Start of Data provided

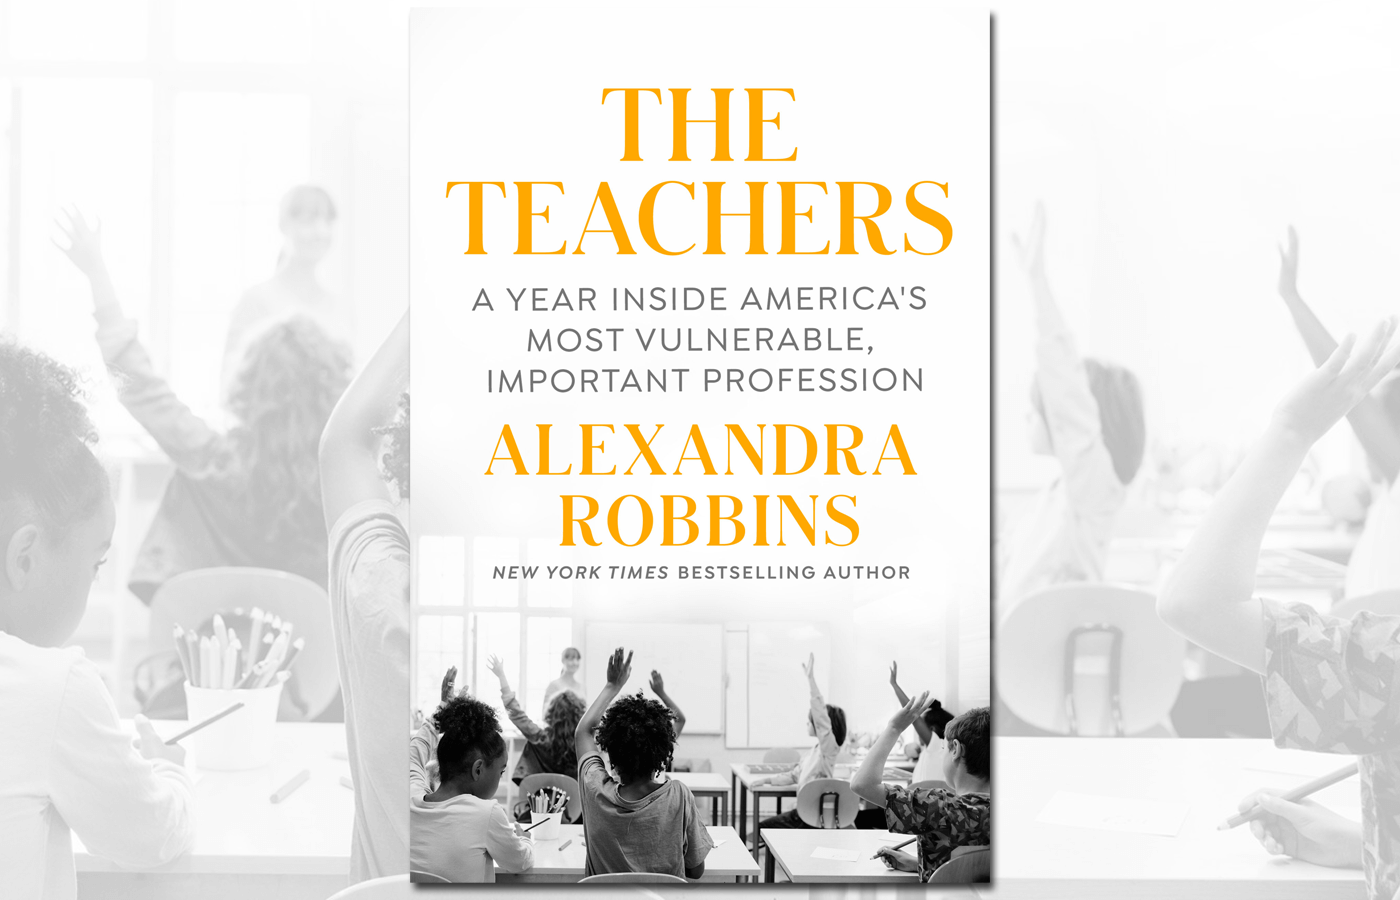 Book cover of "The Teachers: A Year Inside America’s Most Vulnerable, Important Profession"
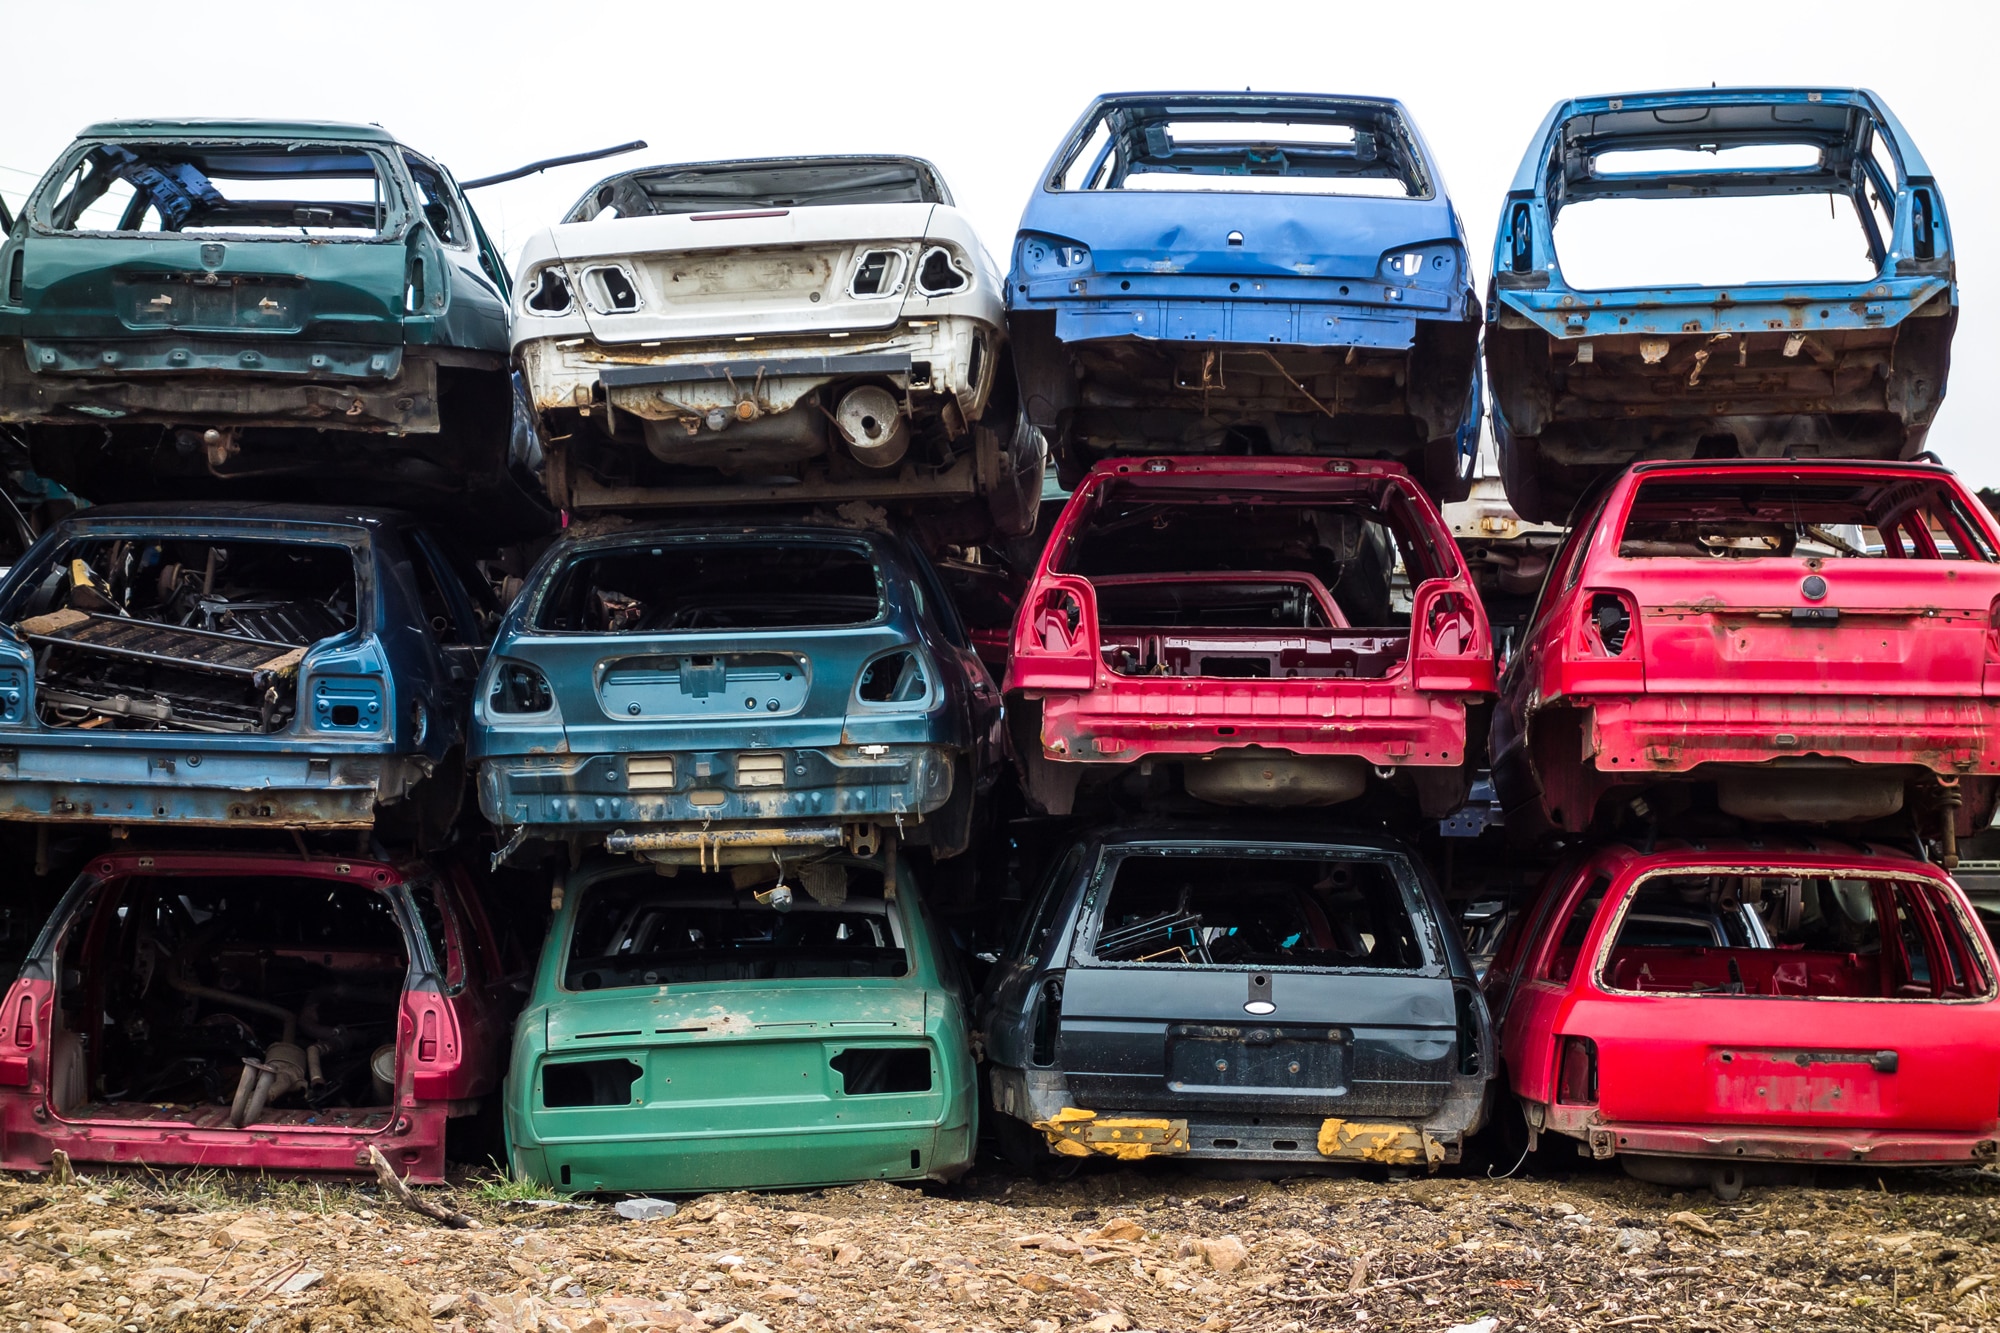 6 Reasons To Buy Parts From  Motors Instead Of A Junkyard
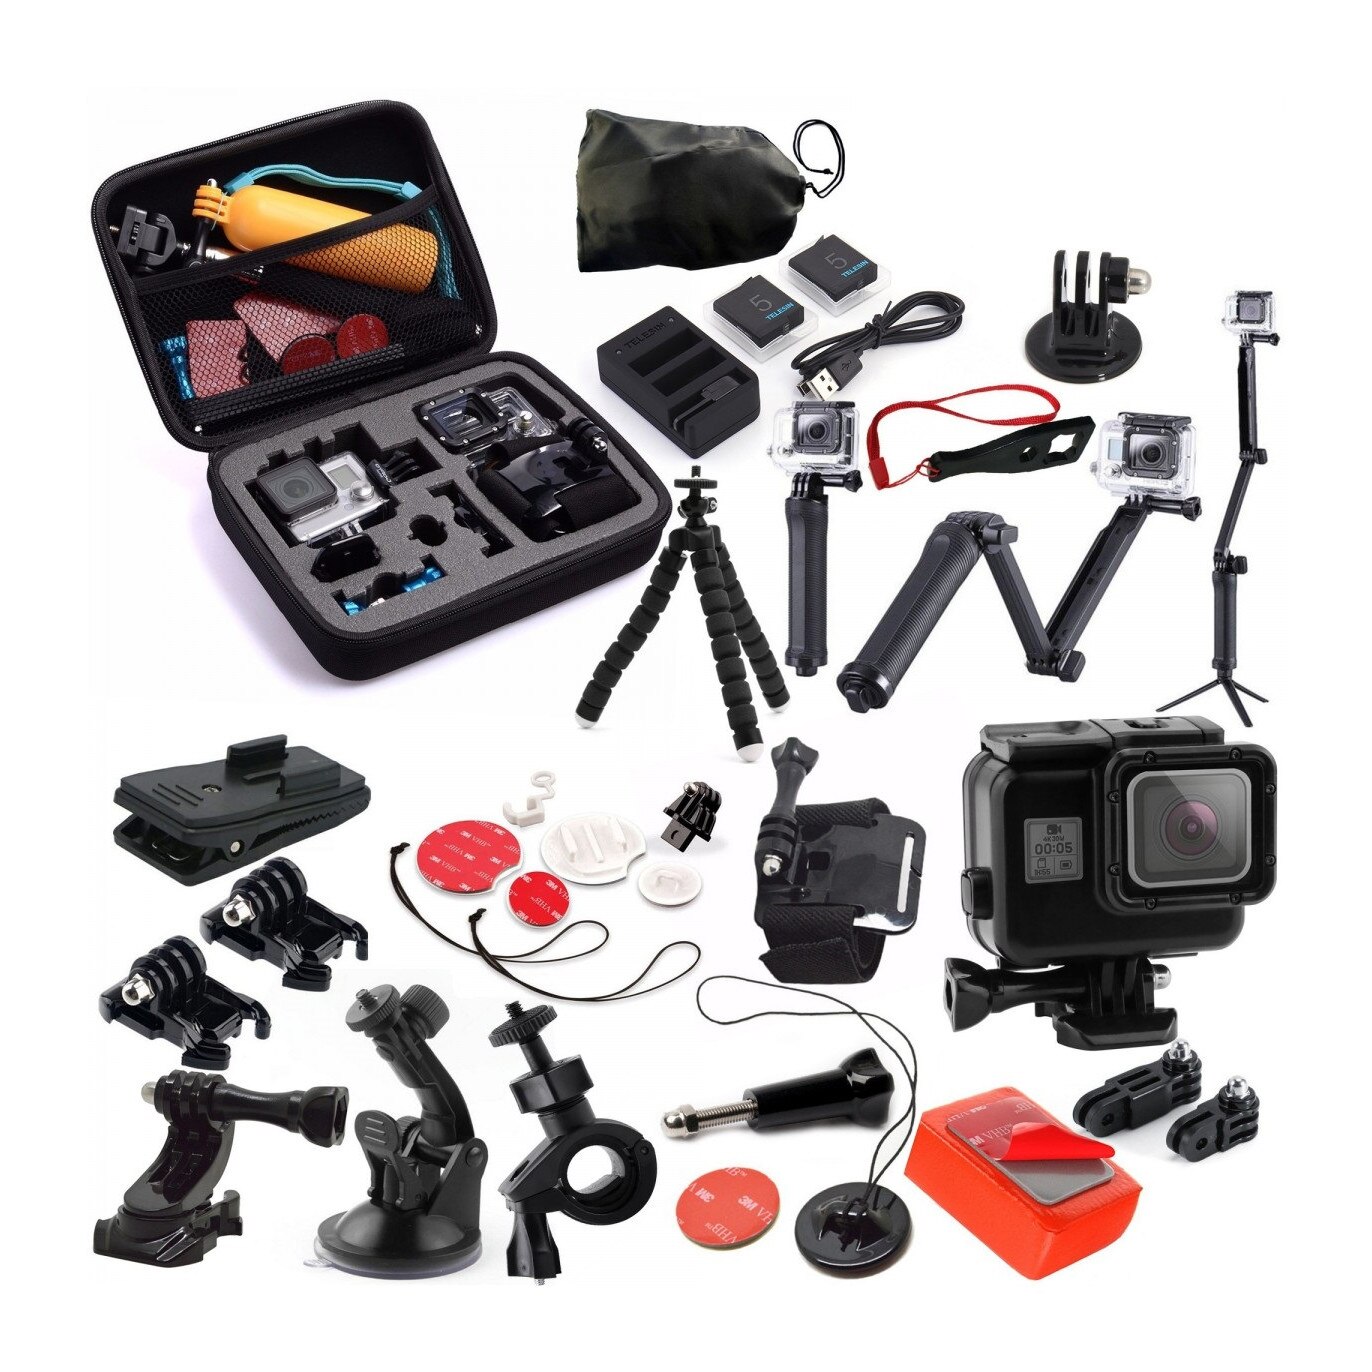 complement bed The actual Pachet Accesorii Compatibile Gopro Hero 5/6/7 Black - Geanta, Baterii, Carcasa  Subacvatica - eMAG.ro

End of Data provided

Your assignment —
Leave out the pictures, and write out exactly the lines from the one containing "6 Reasons To" through the last line of the listing, both included.

Result —
 6 Reasons To Buy Parts From  Motors Instead Of A Junkyard
 complement bed The actual Pachet Accesorii Compatibile Gopro Hero 5/6/7 Black - Geanta, Baterii, Carcasa  Subacvatica - eMAG.ro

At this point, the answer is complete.